# Laminitis - hay or haylage?



## Gooby (3 June 2008)

Hi, my 16.2 ID X came in from the field on saturday lame, the vet diagnosed it as laminitis yesterday and asked about the grass he was on but nothing about his nets. He is now on box rest and is being fed haylage but a friend said today that haylage can also cause it. Is this true? If it is then what should he be fed on? He also gets a scoop of herbal chop morn and even to give him his bute in. Is this ok for him? Thanks.


----------



## RachelB (3 June 2008)

I would give him hay that you've soaked for 24 hours if I were you. That was you can soak everything out of it so the hay is literally just fibre for him to chew on. Make sure he is getting all his vits and mins though either through a feed balancer or a GP supplement 
	
	
		
		
	


	




Careful the chaff doesn't have too much sugar in it either.


----------



## SilverSkye (3 June 2008)

I am no laminitus expert but understood soaked hay is the way forward , The hay should be soaked for 24 hours to remove all the sugars .  I think your friend is right and that either good quality hay or hayledge can bring on laminitus, i would also check your feed as it is best to feed something that is approved by the laminitus trust ( happy hoof or safe and sound or anything with the approved stamp on the bag)
Edited to add could you call your vet and have a chat with him about it??


----------



## bensababy (3 June 2008)

i would def advise against feeding Haylage.far too rich. i feed my ex Lami a small amount of hay soaked for 24 hours.
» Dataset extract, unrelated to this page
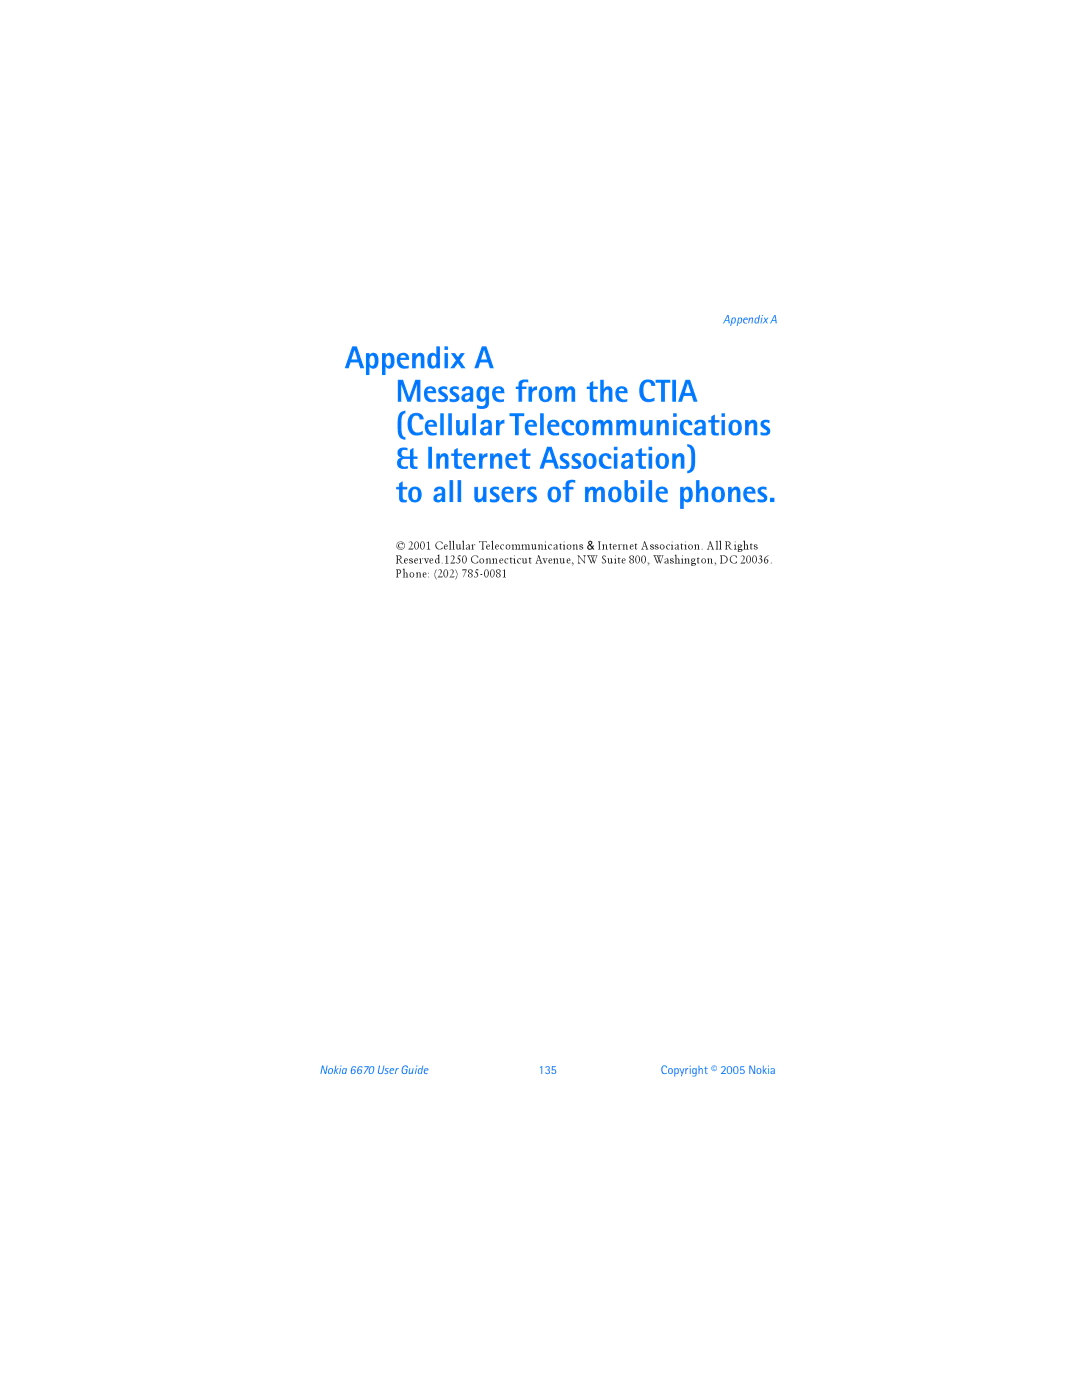 Nokia manual Appendix a, Nokia 6670 User Guide 135

Also i would recommend looking into a low fat/no sugar feed - either Happy Hoof.. or have a look on the Simple Systems website or alternatively Laminitis Trust


----------



## Eaglestone (3 June 2008)

Another opinion here sorry  
	
	
		
		
	


	





I would soak the hay so that you remove all the sugars etc however 24 hours is just too long and it risks the water being contaminated and turning into sewage, especially if it is in sunlight.

I would soak it for a maximum of 12 hours out of direct sunlight, so basically soak one overnight and one during the day.

Haylage should be fine I believe, but it would have to be one that has less goodness in it.  I think that would be one with Timothy Grass in it.

If you have £1 per minute to spend then you could call the Laminitis Trust and they are excellent  .... here we go Laminitis Trust 

Hope he is ok as it is a horrid condition to bear for human and horse


----------



## rforsyth1984 (3 June 2008)

My lammy horse has a mix, but only to keep him entertained otherwise he'd just have haylage.

I believe (but could be wrong!) that the in patients at Robert Eustace's yard are all fed haylage.


----------



## Thistle (3 June 2008)

Blue or Purple Horsehage are lami safe.

When haylage is made the sugars ferment to 'cook' the haylage so there is less sugar.

I still tend to feed 12 hour soaked hay to laminitics though as then they can have more.

I do feed haylage to lami risk ponies that do not have it though.


----------



## landyandy (6 June 2008)

my horse is prone to lami, i also get confused as which to feed. some people tell me not to feed haylage, i rang my vet last year and asked if she would be ok to have haylage, they said yes, i now feed her only a small amount of haylage and a small amount of soaked hay,along with hi fi lite and top spec antilam.


----------



## carys220 (6 June 2008)

Blue horsehage is the best thing, it is approved by the laminitus trust and is made for this kind of thing. From HorseHage site:
''High Fibre HorseHage is made from selected ryegrasses, which have been allowed to mature before harvesting to attain higher fibre, lower protein and lower energy levels. Because it is low in energy, High Fibre HorseHage is generally suitable for Riding and Pony Club horses, native ponies, veterans and those that are resting, convalescing or are laminitic.''

I would never give hay to any horse, soaked or not, especially not a stabled one.


----------



## Gooby (25 June 2008)

Thanks for all the advise! He's still on haylage but I've reduced them amount he's on. Had the vet up yesterday to have a look at him and his foot soreness is gone and is sound apart from on a tight circle so think this is due to his damaged tendon and not the lami. Think it must have been from the grass he was on. Thanks again!


----------



## kellyeaton (25 June 2008)

i soak hay to get sugars and etc out. you can feed haylage anf food as long as it is by the lammi trust you are looking for low sugar strach fructans and protin and striped grazing!


----------



## flyingfeet (26 June 2008)

With the hay versus haylage this is my two pennies: 

Haylage is generally always made earlier, as you only need a 3 - 4 day window to make it. 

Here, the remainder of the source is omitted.